Mamdani continues to impress - policy success in real life and real time still to be determined - but as for a coherent vision of what he sees as important for NY, and building coalitions around that goal, he seems to be on the right track. His infectious smile hurts my face just looking at it. He eschewed a front-row ticket to the Knicks game, though you can bet it was available to him with all the celebs showcasing their status and access. Instead he picks a fight with the Knicks owner and watches the game from a small LGBTQ bar. He’s got a good feel for the micro-political theater, which is an interesting skill in one of the world’s largest cities.
Glad I checked my facts before posting - seems Mamdani did attend game 3 but with nose bleed seats. The NYPost seems to think this is a betrayal of his 'everyman' act, since even the nose-bleed seats are tough to get and are expensive. But, not to me - since I'm sure he could have gotten court side, could have gotten opening ceremonies, and could be putting himself front and center in the whole spectacle. (remember, this is just my world-view, wholly determined by what's being fed me in my social media). That's a more typical approach and tactic of a NY politician.

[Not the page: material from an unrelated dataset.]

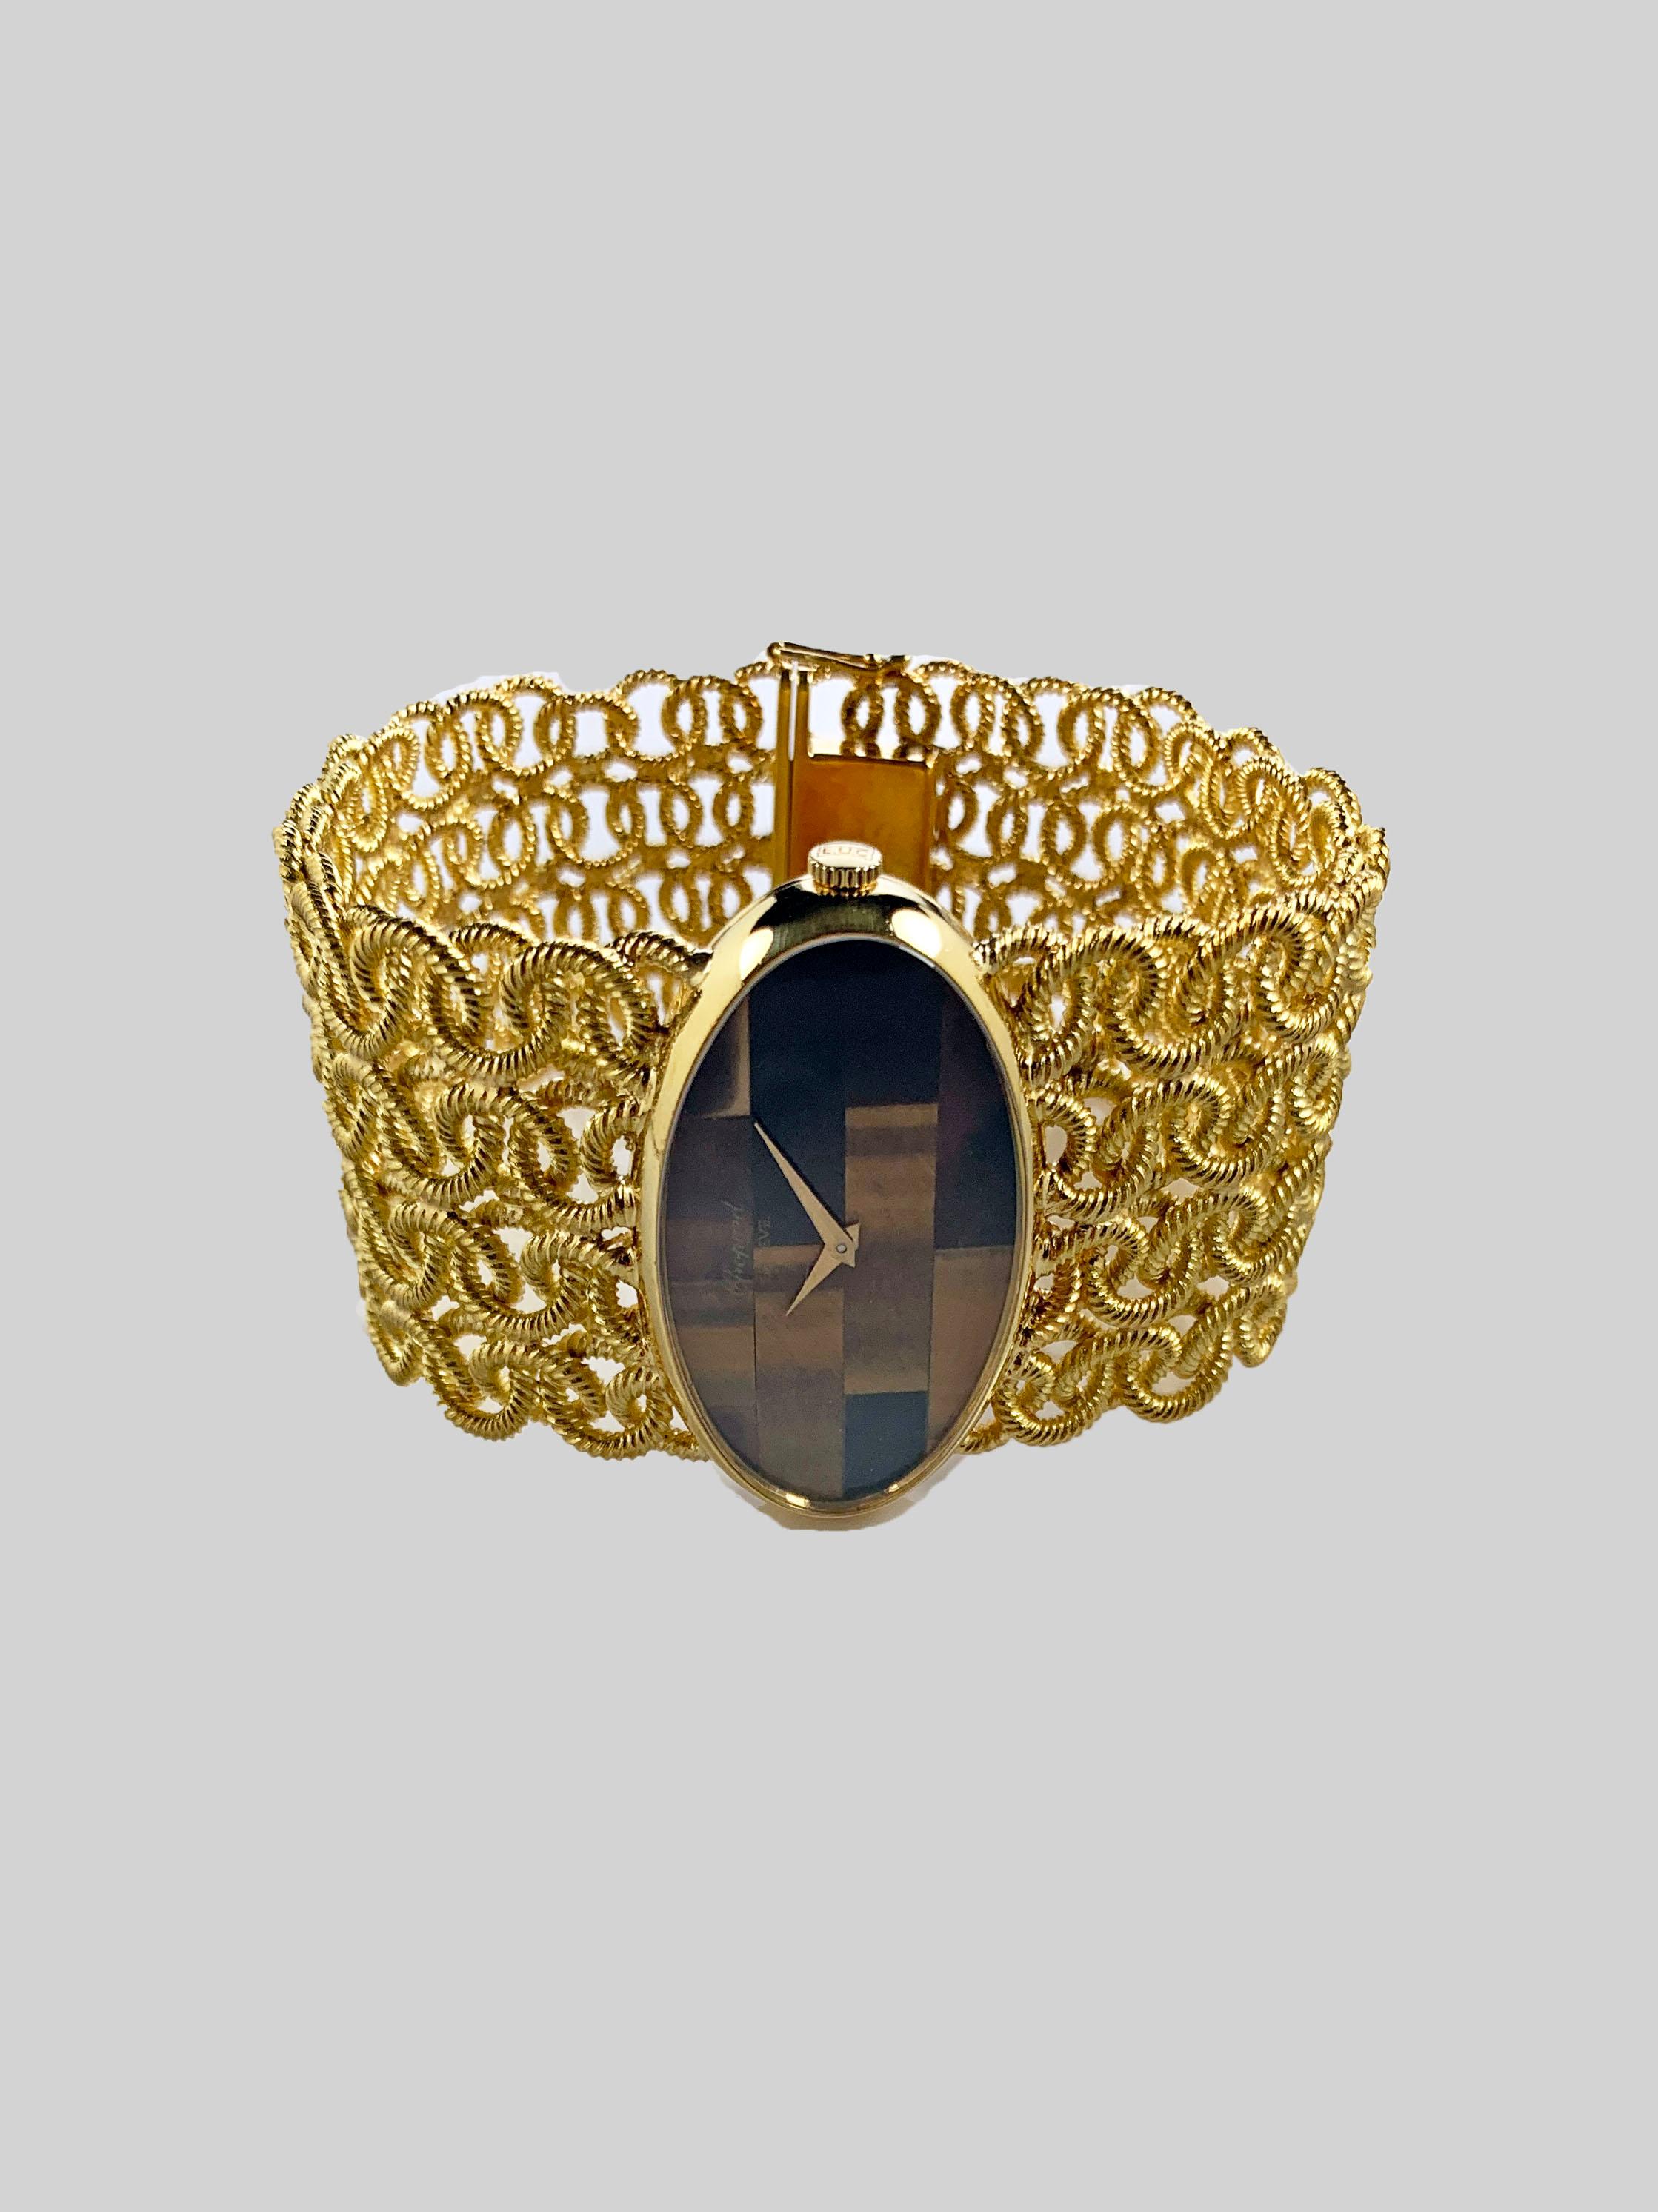 Chopard 18 Karat Yellow Gold Tiger's Eye Bracelet Watch, 1970s For Sale 2

Taylor Swift on the other hand, she just can’t see someone else’s parade and not want to be the Queen of it. I remember thinking the same thing when Olivia Rodrigo was singing Vampire at one of the award shows and Swift stole some thunder by standing, and dancing with prominence, knowing full-well where the cameras would swing. She did it with Karol G, but less so. And now with the Knicks - seeing all the attention hoisted on the celebs she’s like “I need to be there” and so she was, getting a lot of attention for a sport and city that as far as I know holds no particular interest for her. Her over-the-top fandom wherever she is grates on my sense of propriety. Think about - worth billions, universally lauded, applauded and even worshipped around the world and still needs not to miss out on a moment of international fame and attention. Trump-like. Her constant energy is exhausting. Humans - we are a weird bunch.

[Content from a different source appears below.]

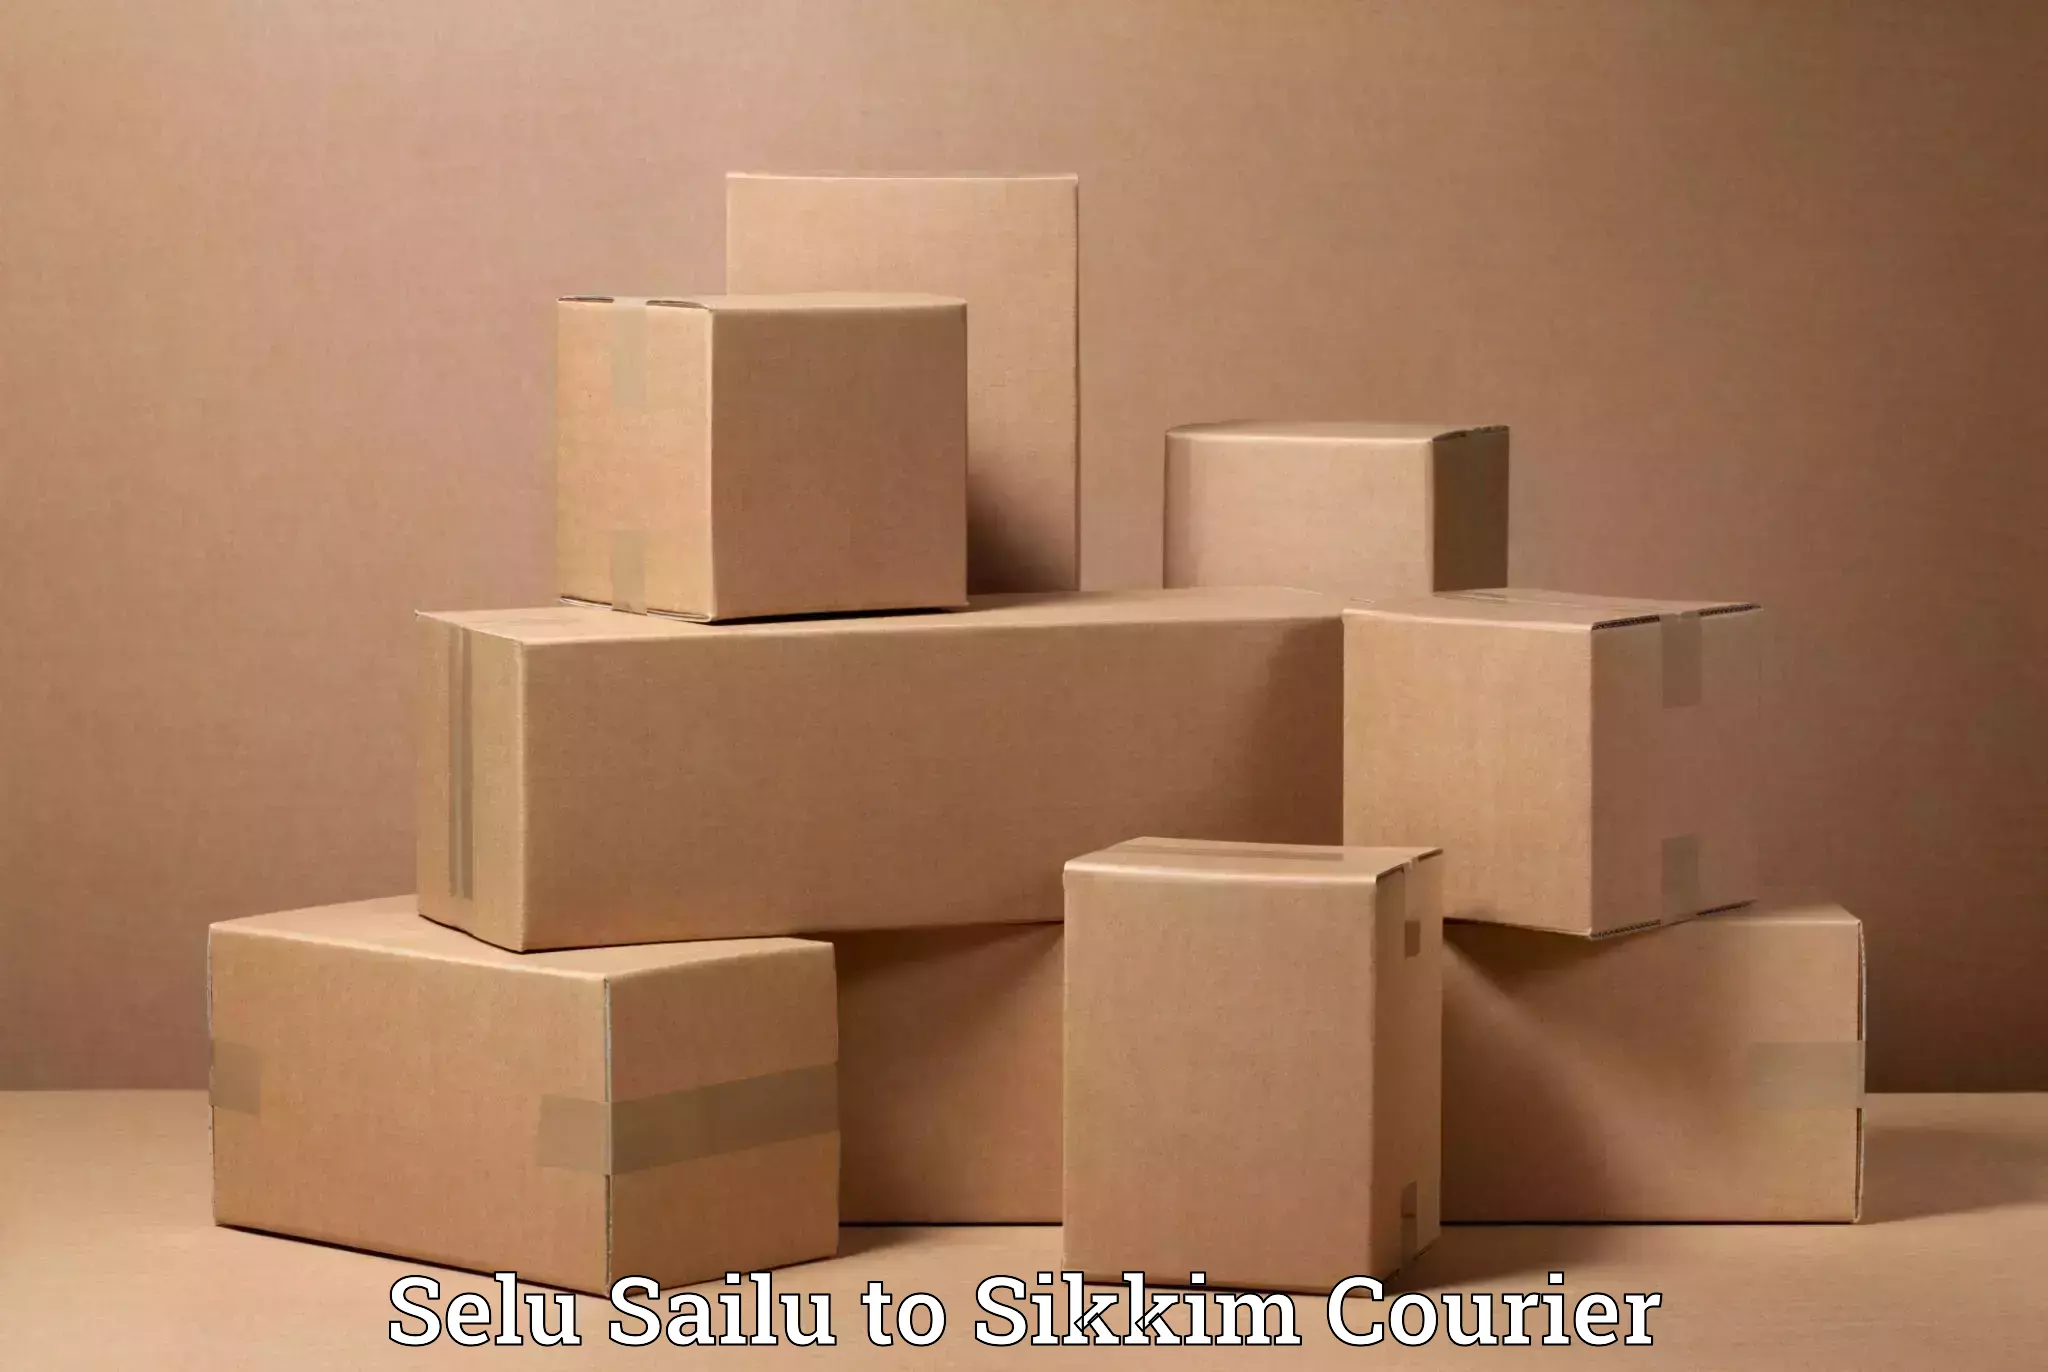 Home goods moving company Selu Sailu to South Sikkim

You're so much fun to be around
You had to have a white hot spotlight
You had to be a big shot last night

Dua Lipa got married, and that was a bit of a disappointment to see my chance for that relationship extinguished with finality. That guy of hers most be some kind of lover since her energies and demands would seem to be inexhaustible. My employee from a few years ago put together this bar car for me and included a framed photo of my girl Dua.

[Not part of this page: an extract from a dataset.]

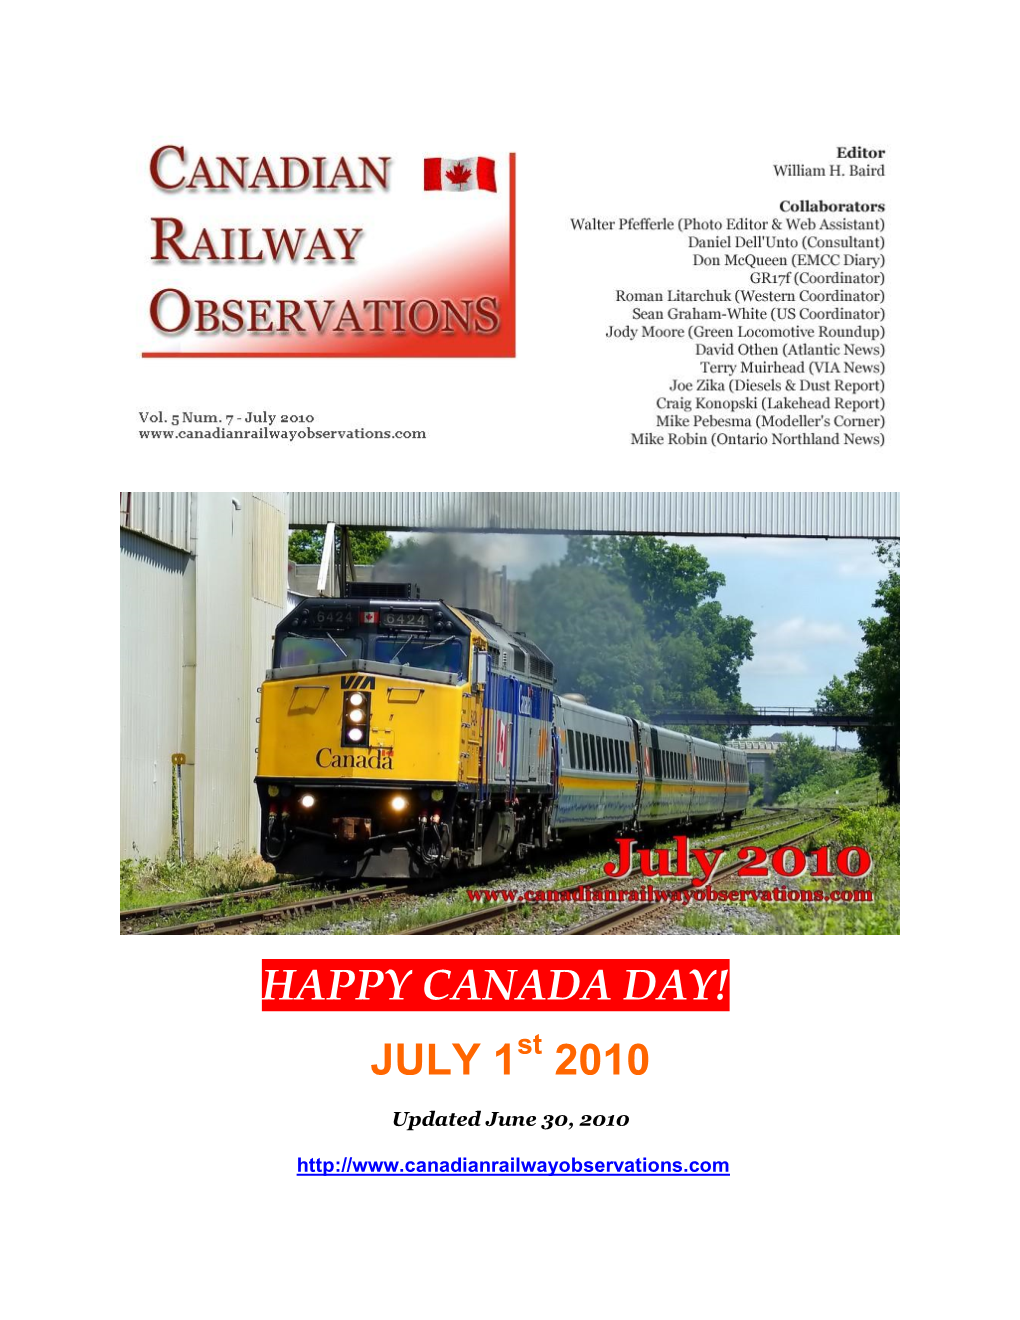 Happy Canada Day! July 1 2010

I was concerned about Ariana Grande's physical appearance so I killed some time googling her and surprise, I wasn't the only one. But then I opened up my unrelated TikTok app just a few minutes later and low and behold the very first thing in my feed is a threat about Grande and her appearance. We used to think the idea that our phone is listening and recording was coincidental and eye-brow raising - now it's clear it's happening real time all the time. Every conversation, All the time. Catalogued and archived. Marketed to and surviellenced from.
My Tik Tok feeds is giving me a lot of raucous loud boisterous New Yorkers being New Yorkers. Fun to watch. A bit dangerous this brew of excitement and mix of all the classes of NYC.
Sunday Morning June Thoughts.
It’s been a wild 9 months of planning and a wilder 3 months of construction execution. We are literally firing on all cylinders across the whole company - the team is in place and doing just fine.
It’s hard to describe the power of a team in this business. There are several rungs or circles - you have your employees; you have your subcontractors that while may run their own businesses act for the most part like employees just by the amount of business we throw off their way in terms of coordination and orchestration and communication; you have larger subs where we comprise a measurable but not absolute piece of their business; and you have the vendors and subs where we occupy the standard ‘just a valued client’ position.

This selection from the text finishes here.